Check if two unordered lists are equal [duplicate]
I'm looking for an easy (and quick) way to determine if two unordered lists contain the same elements:
For example:
['one', 'two', 'three'] == ['one', 'two', 'three'] : true
['one', 'two', 'three'] == ['one', 'three', 'two'] : true
['one', 'two', 'three'] == ['one', 'two', 'three', 'three'] : false
['one', 'two', 'three'] == ['one', 'two', 'three', 'four'] : false
['one', 'two', 'three'] == ['one', 'two', 'four'] : false
['one', 'two', 'three'] == ['one'] : false
I'm hoping to do this without using a map.

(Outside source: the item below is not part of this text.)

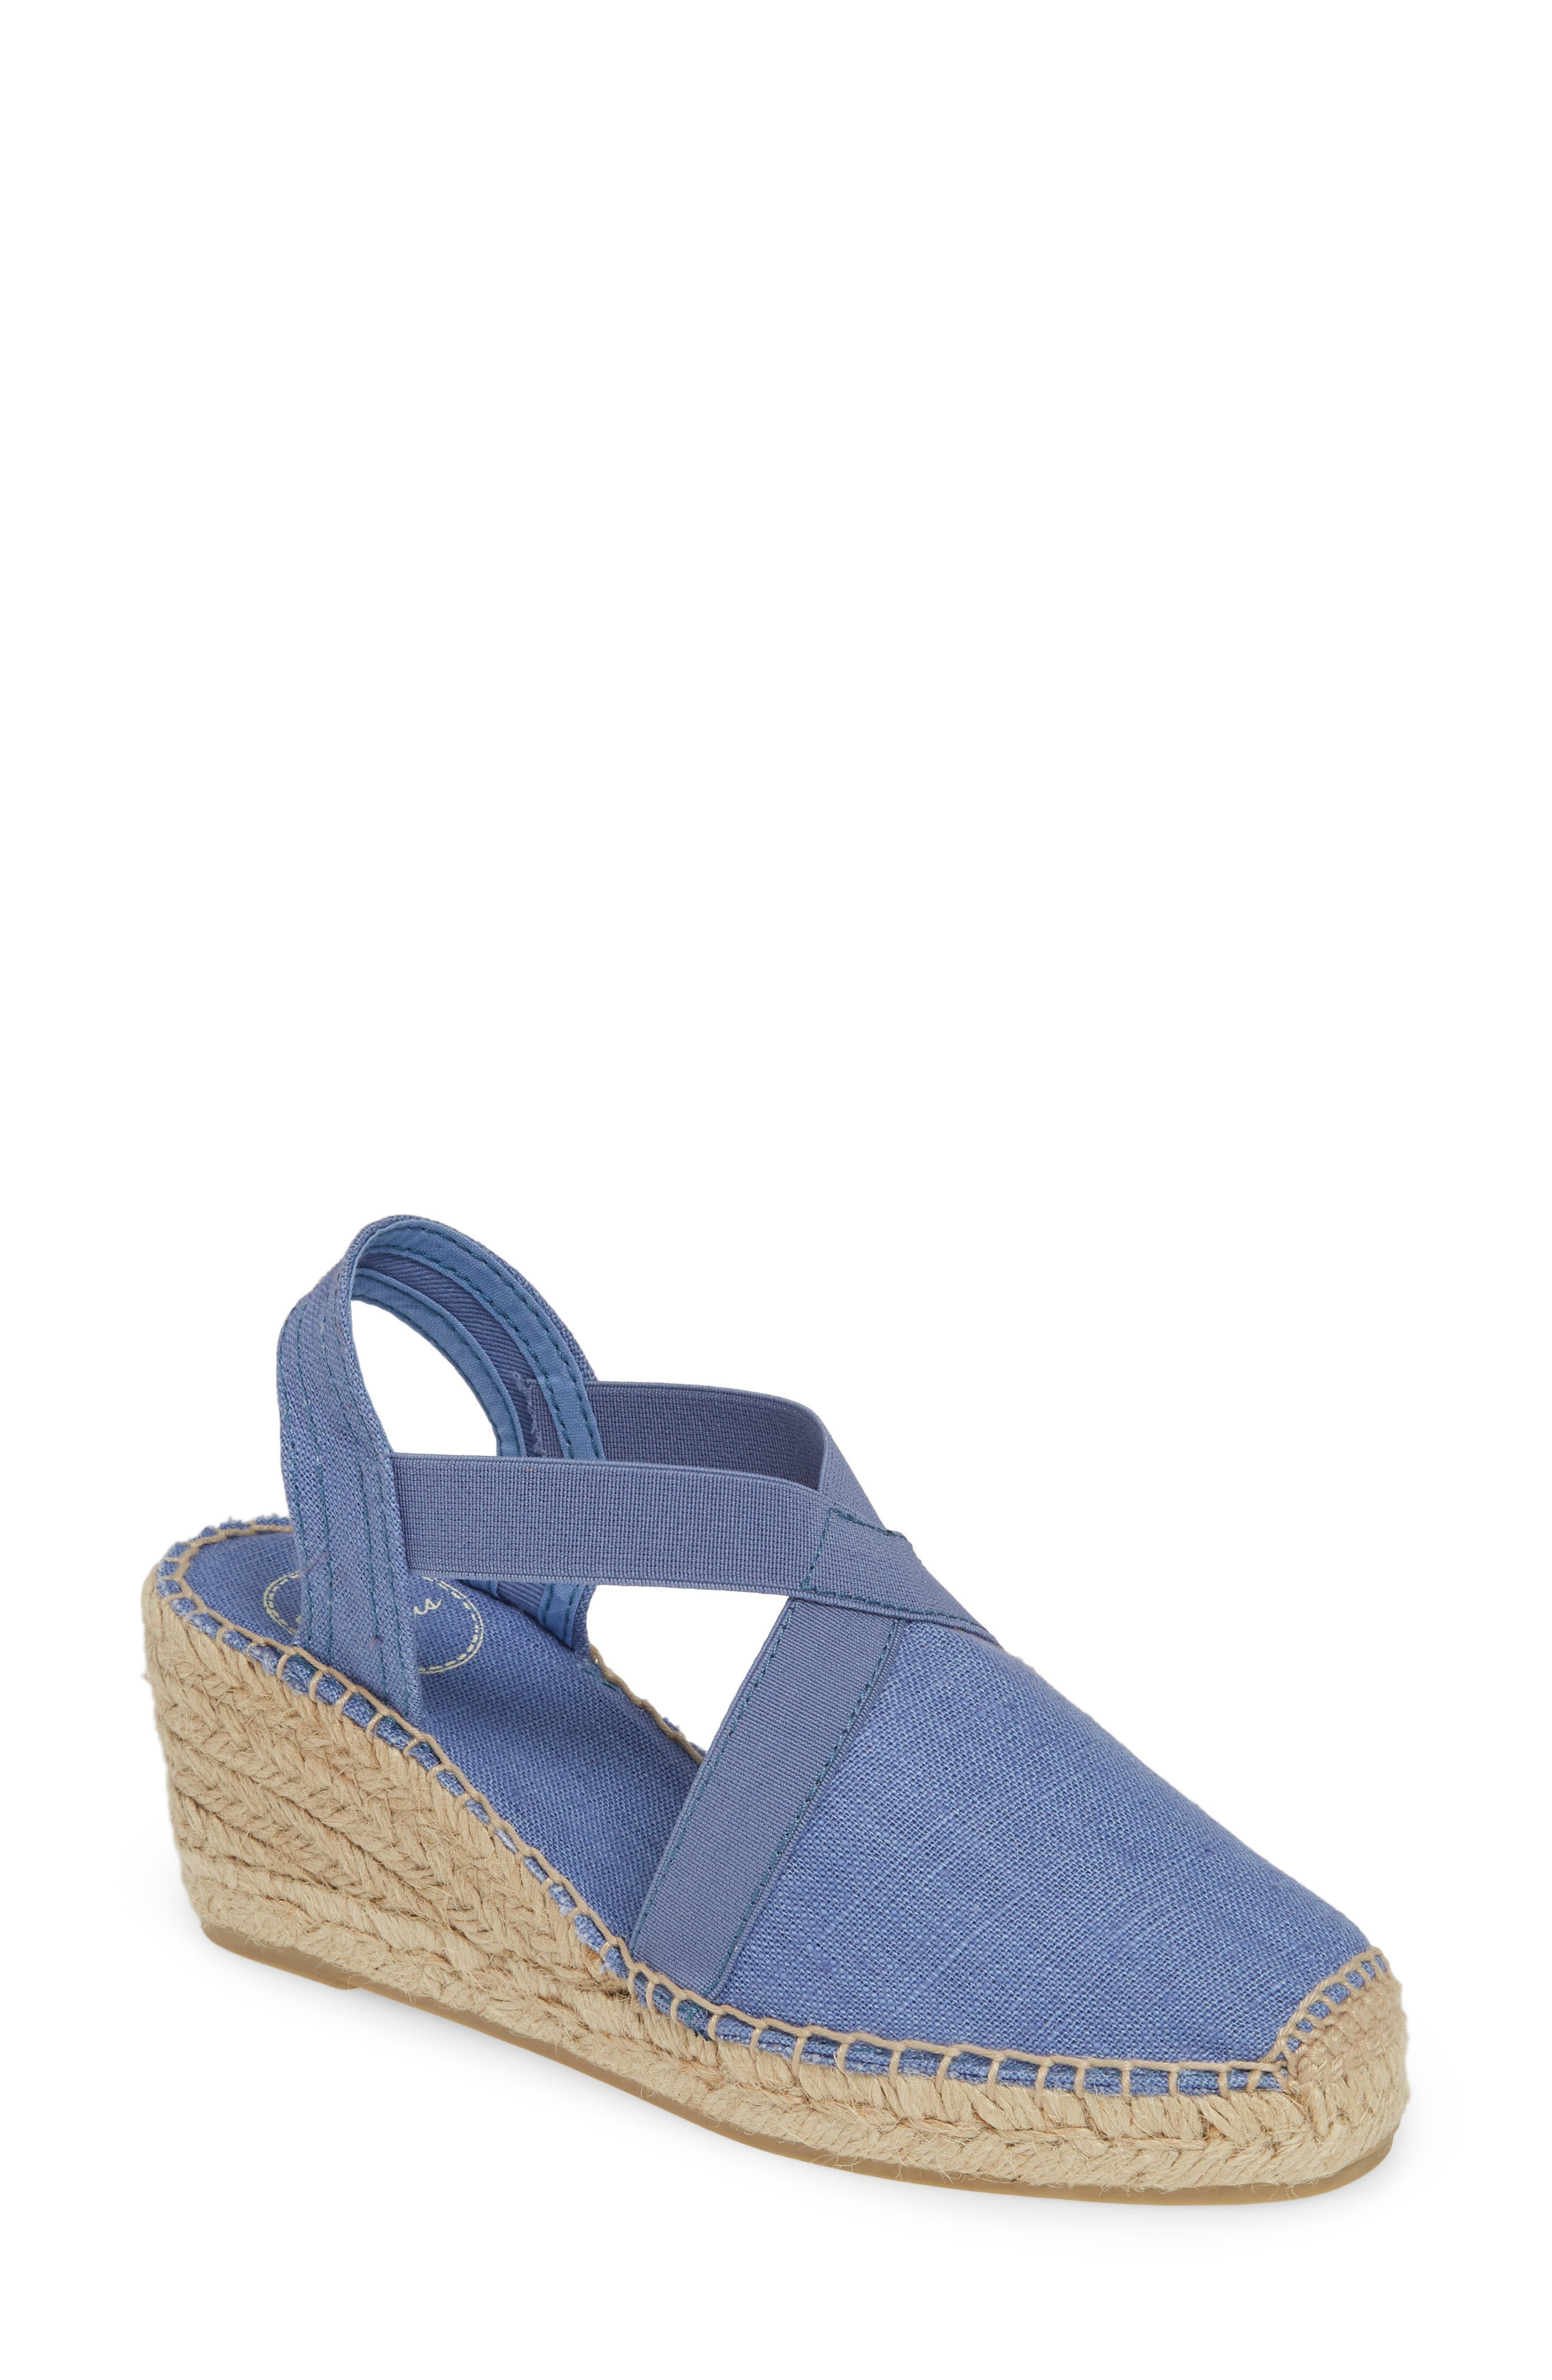 TONI PONS 'Ter' Slingback Espadrille Sandal, Main, color, ULTRAMARINE FABRIC
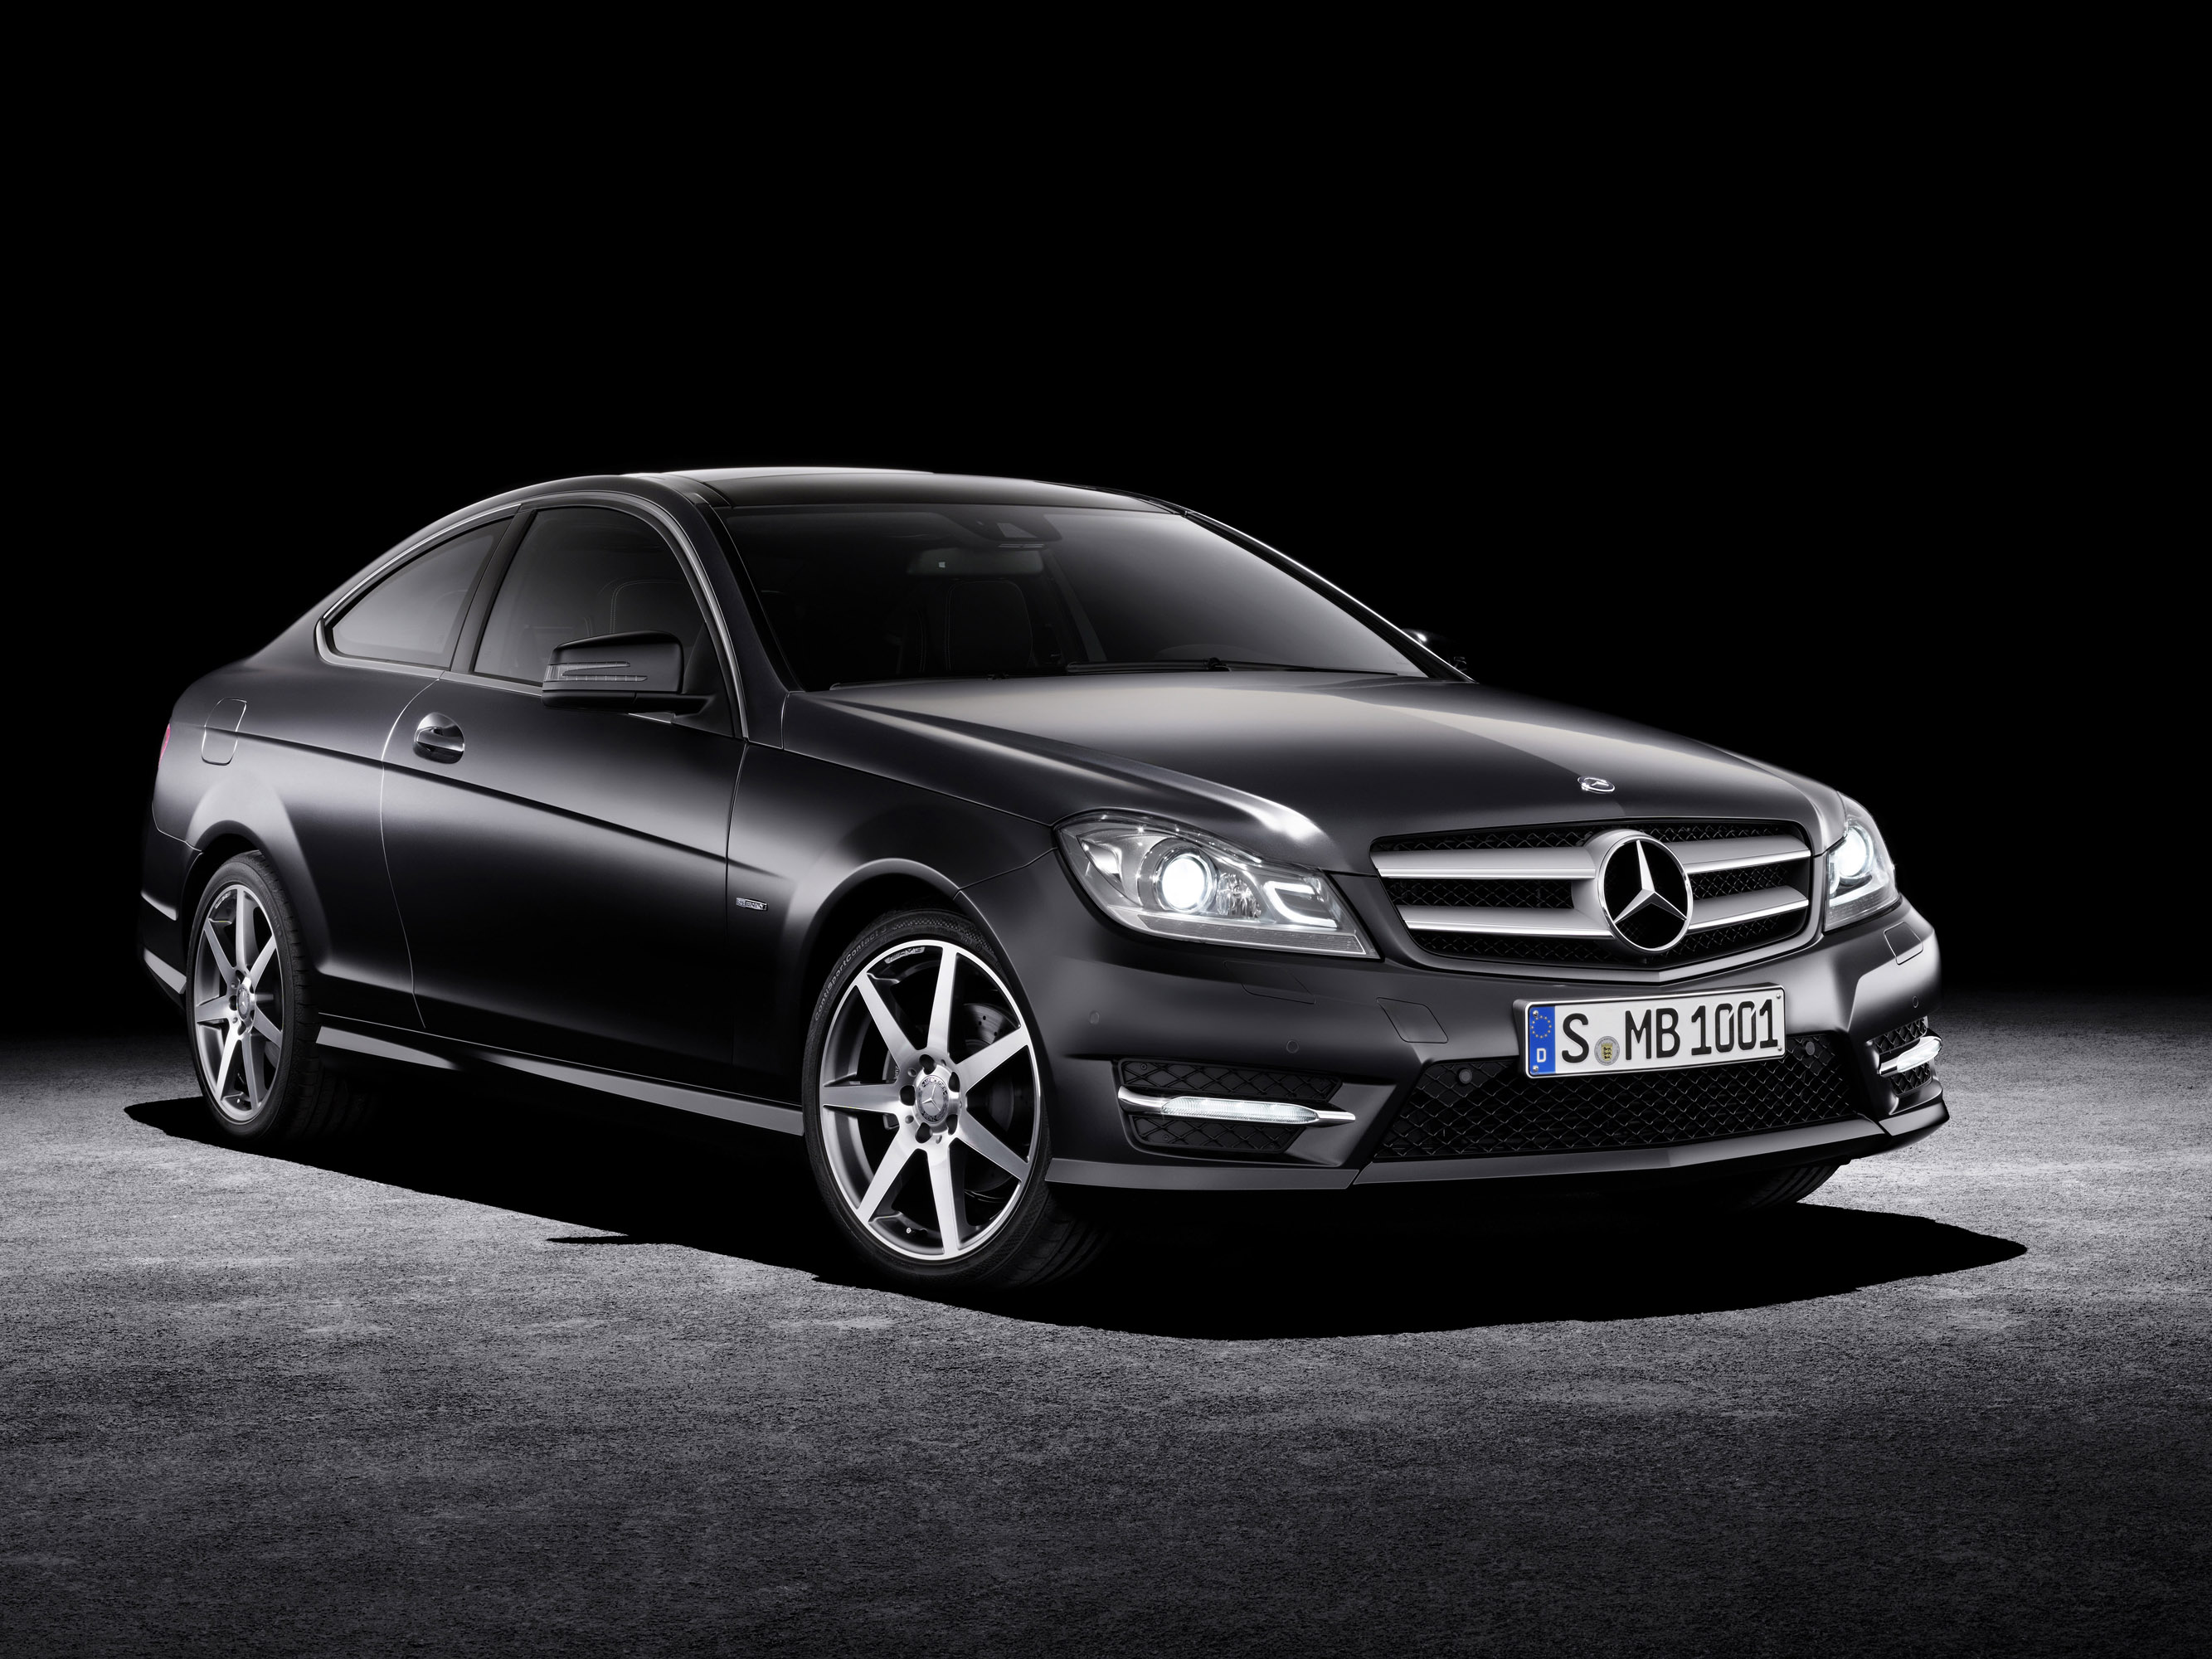 Mercedes-Benz C-Class Coupe photo #1

Python has a built-in datatype for an unordered collection of (hashable) things, called a set
. If you convert both lists to sets, the comparison will be unordered.
set(x) == set(y)
Documentation on set
EDIT: @mdwhatcott points out that you want to check for duplicates. set
ignores these, so you need a similar data structure that also keeps track of the number of items in each list. This is called a multiset; the best approximation in the standard library is a collections.Counter
:
>>> import collections
>>> compare = lambda x, y: collections.Counter(x) == collections.Counter(y)
>>>
>>> compare([1,2,3], [1,2,3,3])
False
>>> compare([1,2,3], [1,2,3])
True
>>> compare([1,2,3,3], [1,2,2,3])
False
>>>
If elements are always nearly sorted as in your example then builtin .sort()
(timsort) should be fast:
>>> a = [1,1,2]
>>> b = [1,2,2]
>>> a.sort()
>>> b.sort()
>>> a == b
False
If you don't want to sort inplace you could use sorted()
.
In practice it might always be faster then collections.Counter()
(despite asymptotically O(n)
time being better then O(n*log(n))
for .sort()
). Measure it; If it is important.